:: The task ::
Every line below is to be given again precisely; images are to be left out.

:: Dataset extract ::
>>>

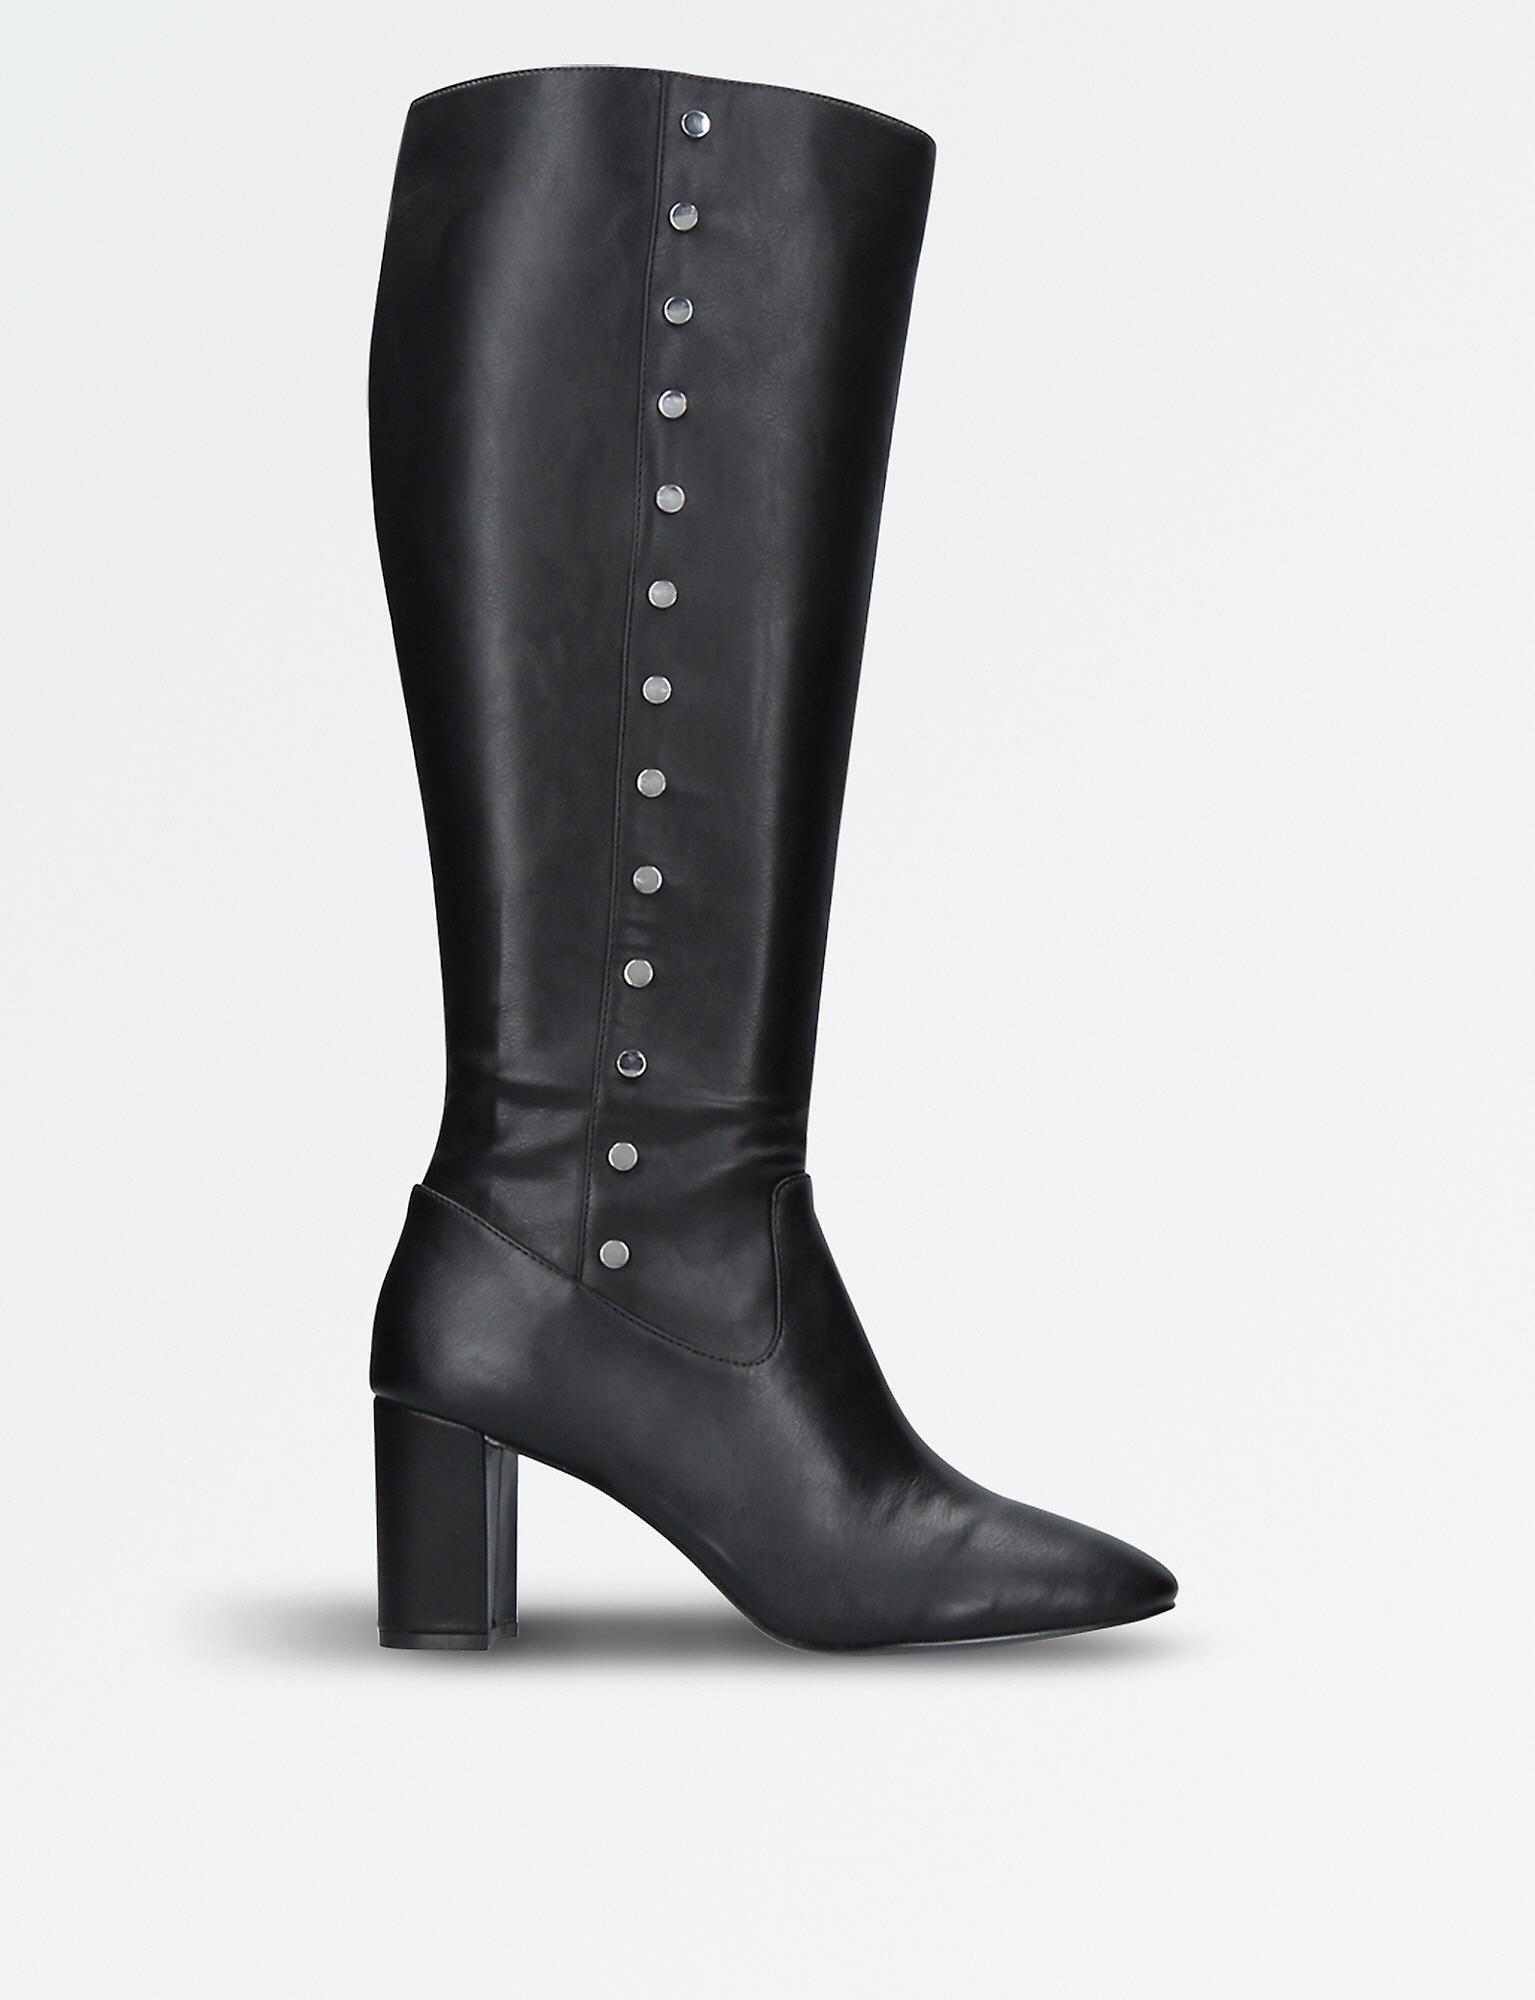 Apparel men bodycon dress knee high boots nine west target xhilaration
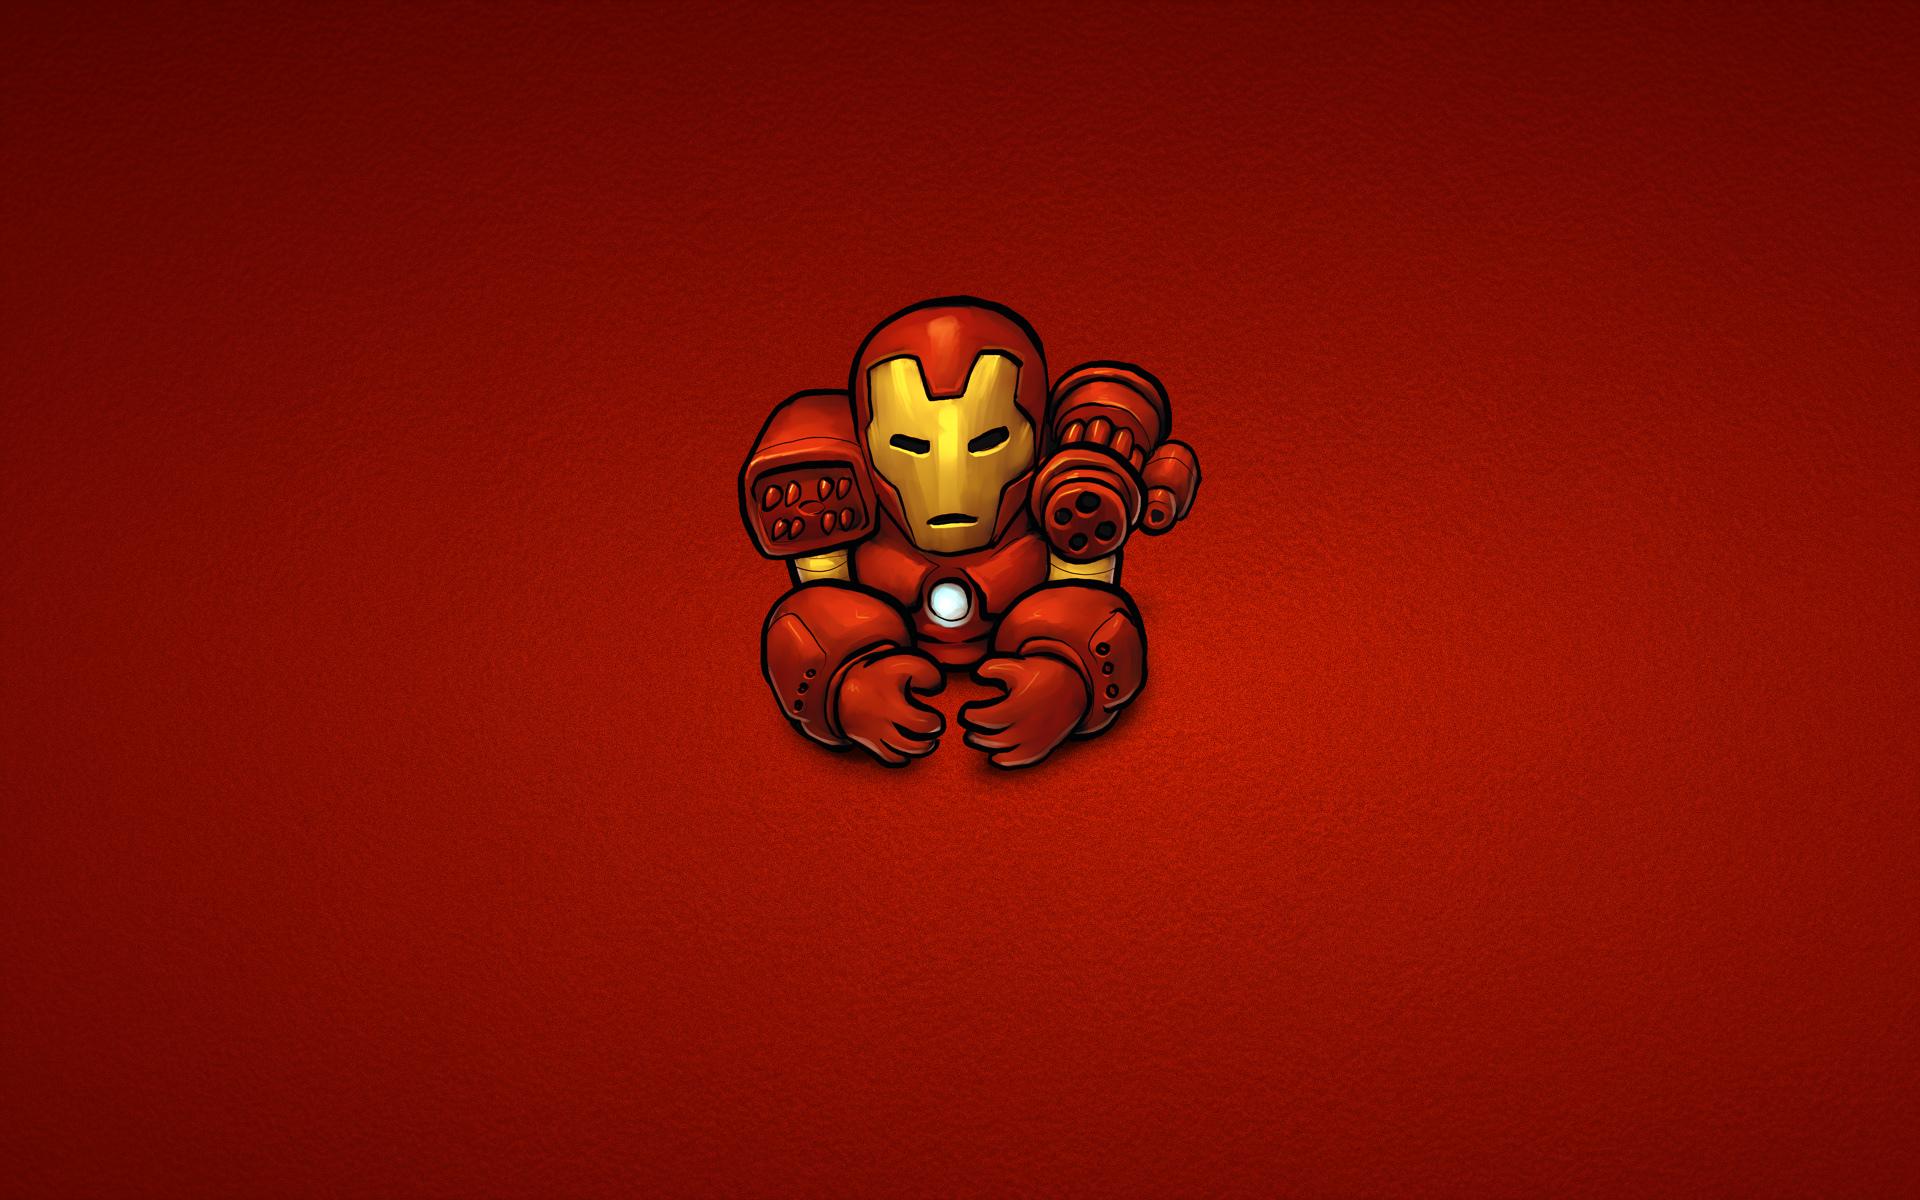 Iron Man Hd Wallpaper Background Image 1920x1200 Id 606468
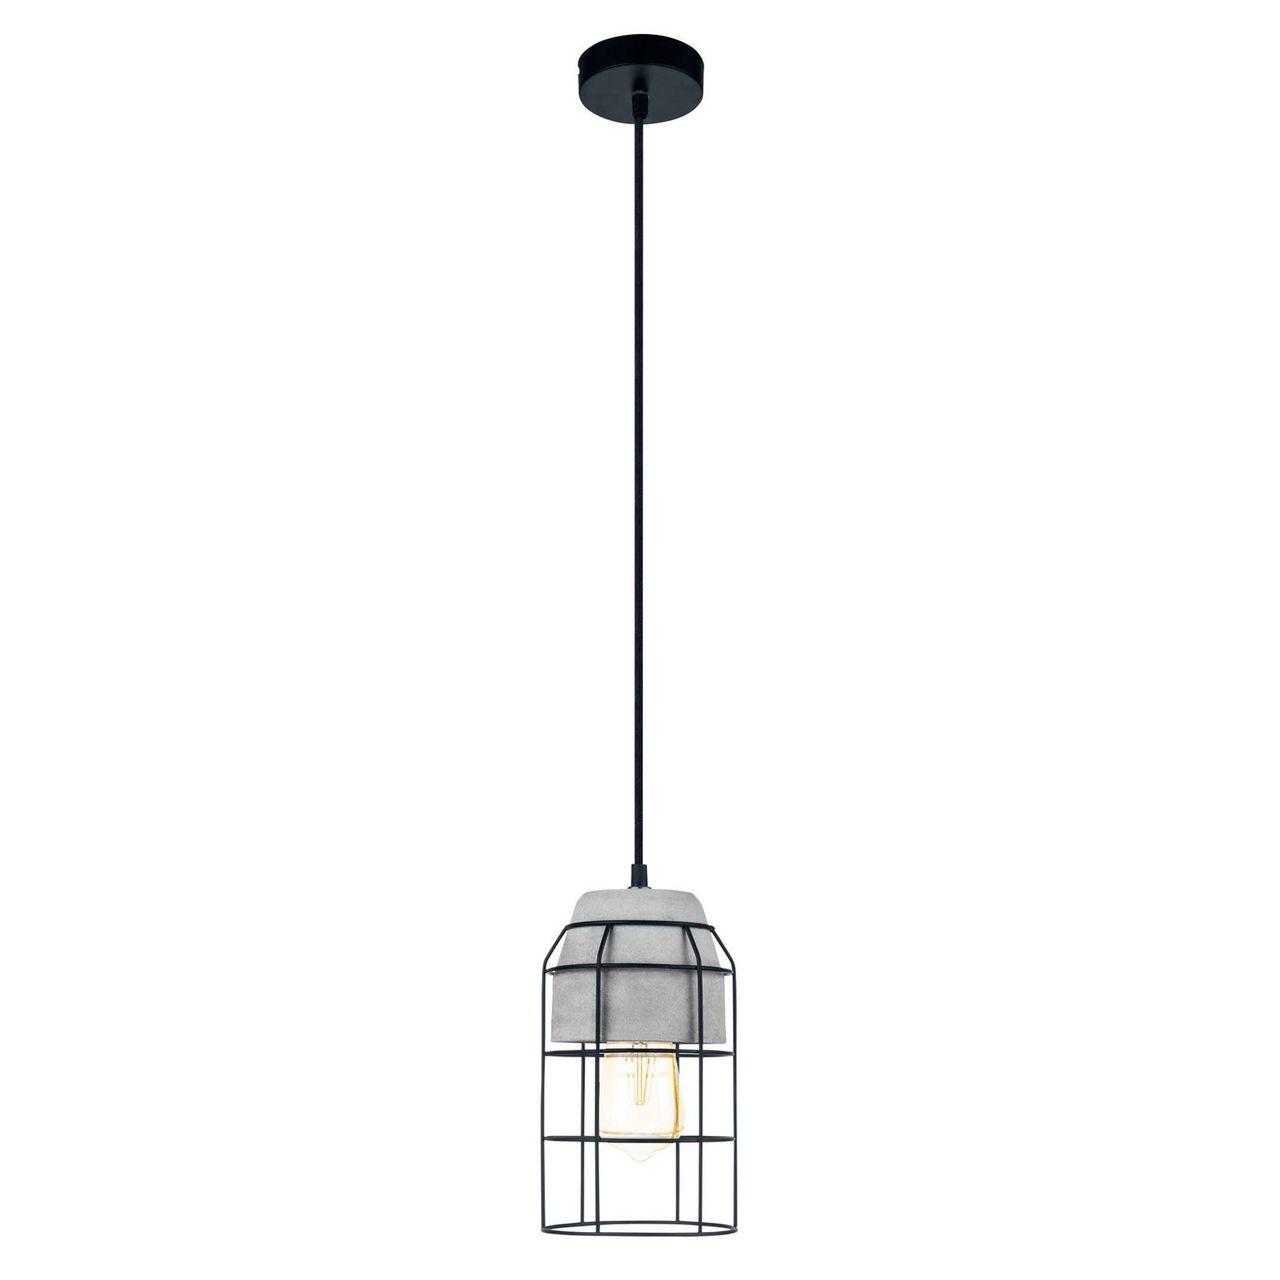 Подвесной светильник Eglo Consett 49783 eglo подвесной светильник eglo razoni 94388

<<<

:: Solution below ::
 Apparel men bodycon dress knee high boots nine west target xhilaration
 Iron Man Hd Wallpaper Background Image 1920x1200 Id 606468
 Подвесной светильник Eglo Consett 49783 eglo подвесной светильник eglo razoni 94388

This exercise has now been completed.